Returns TRUE or a message about what is different between the two objects.

This function is called for numeric data by the default method for the S Version 3 generic all.equal.

USAGE:

all.equal.numeric(target, current, tolerance=, scale,  ...) 

REQUIRED ARGUMENTS:

target, current
two objects that are asserted to be the result of equivalent computations (for example, the same computation on two different computers, or a revised but still correct version of the same computation). By convention, the first argument is the supposedly correct version, typically from an object stored after earlier computation. The second argument is the result of a computation just completed, whose correctness is to be tested.

OPTIONAL ARGUMENTS:

tolerance
tolerance to be used to compare numeric components.

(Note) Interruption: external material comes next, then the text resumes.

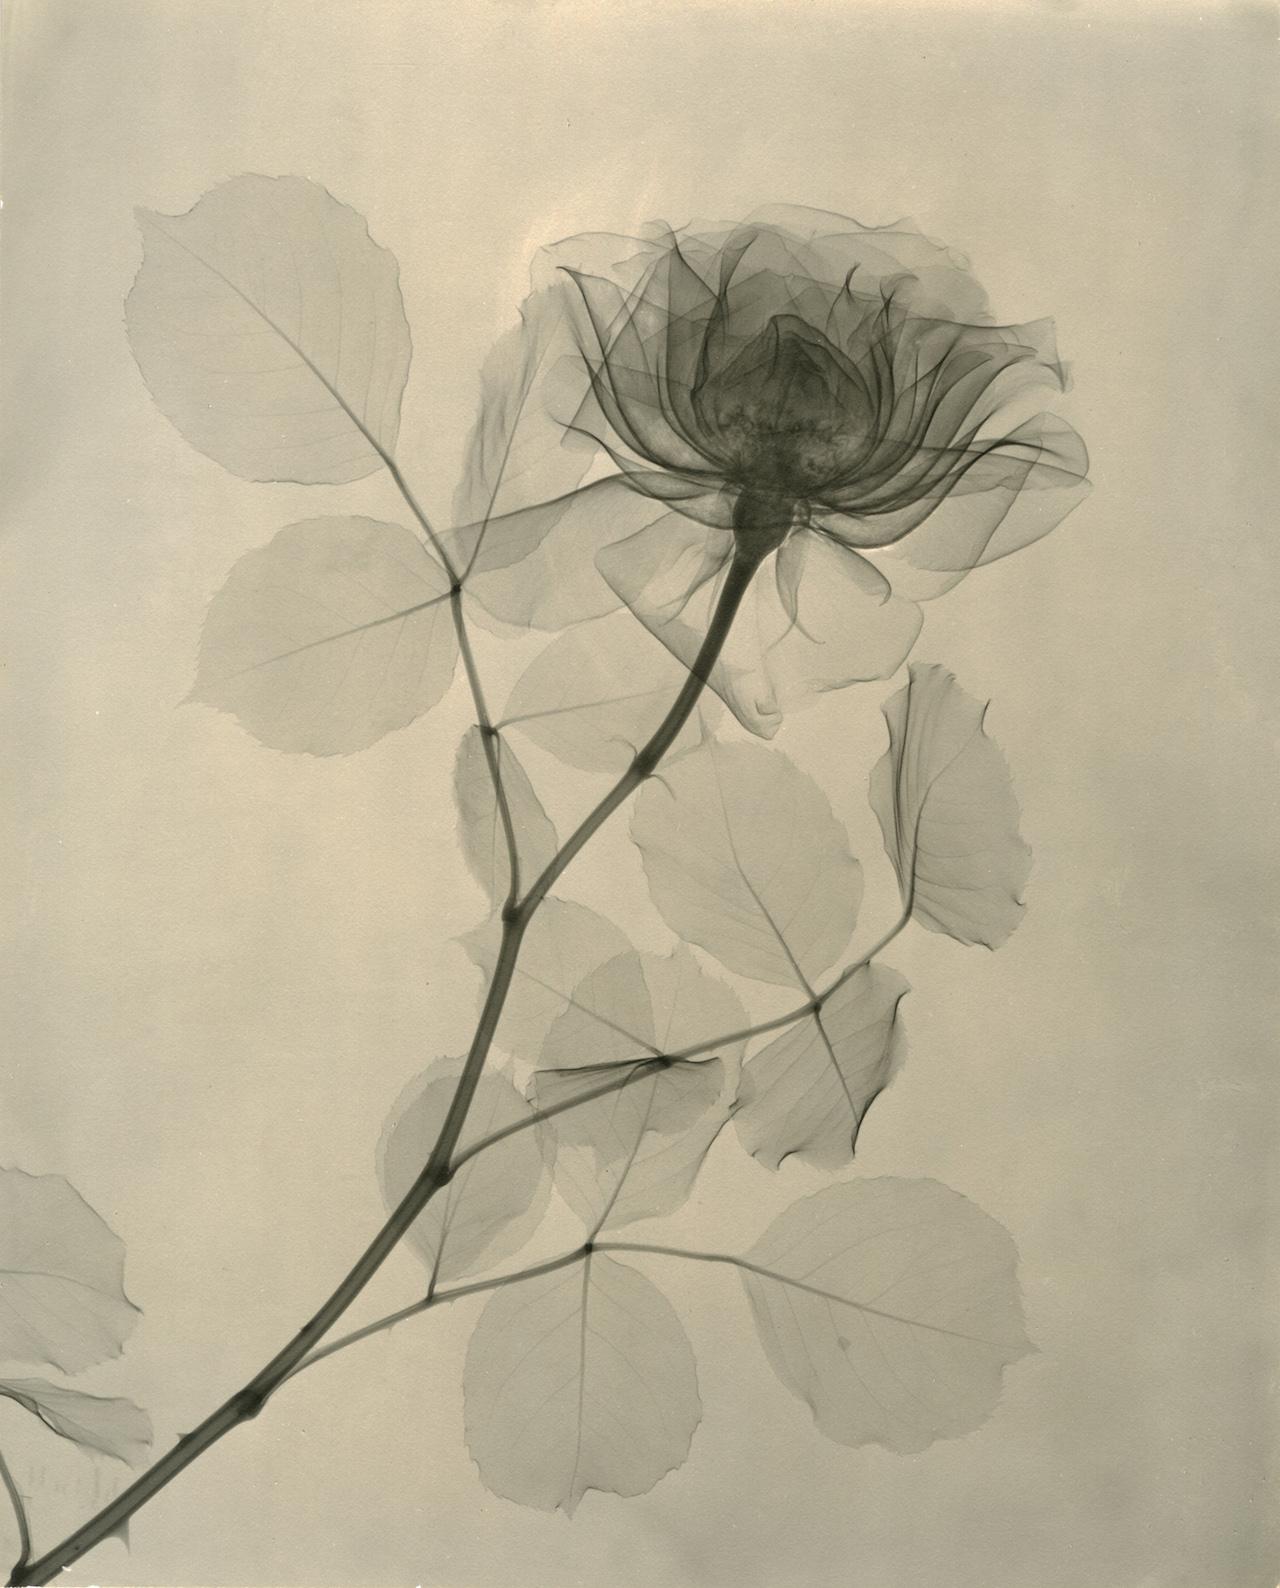 Tasker, A Rose 1936

Default is the square root of the machine precision for double precision computations, i.e., sqrt(.Machine$double.eps). The test used is on absolute difference if the target value is less than or equal to the tolerance, and on relative difference otherwise, measured in mean absolute values (not mean square).
scale
a numeric value specifying the desired scaling of the mean absolute difference. For scale=1, you get the equivalent of absolute scaling, although the output will read "Mean scaled difference:".

VALUE:

If all components and attributes of the two objects test equal, returns TRUE . Otherwise, returns a character vector giving all the discovered differences.

DETAILS:

The all.equal methods are fussy tests that will generally report any differences even those that might sometimes be considered irrelevant. For example, using dump on a function, then restore may result in an equivalent function with comments parsed differently (and which prints with different white space). The only substantial leniency in the default methods is that numerical equality is tested only up to tolerance. Additional leniency can be built in by writing methods for special classes of objects.

SEE ALSO:

, .

EXAMPLES:

new.fit <- update(old.fit) 
all.equal(new.fit,old.fit) 

#Use scale parameter to obtain absolute difference
set.seed(17)
x <- matrix(1000*rnorm(12), ncol=3)
y <- x
y[4,3] <- 578.82
all.equal(x,y, tol=1e-5)
all.equal(x,y, tol=1e-5, scale=1)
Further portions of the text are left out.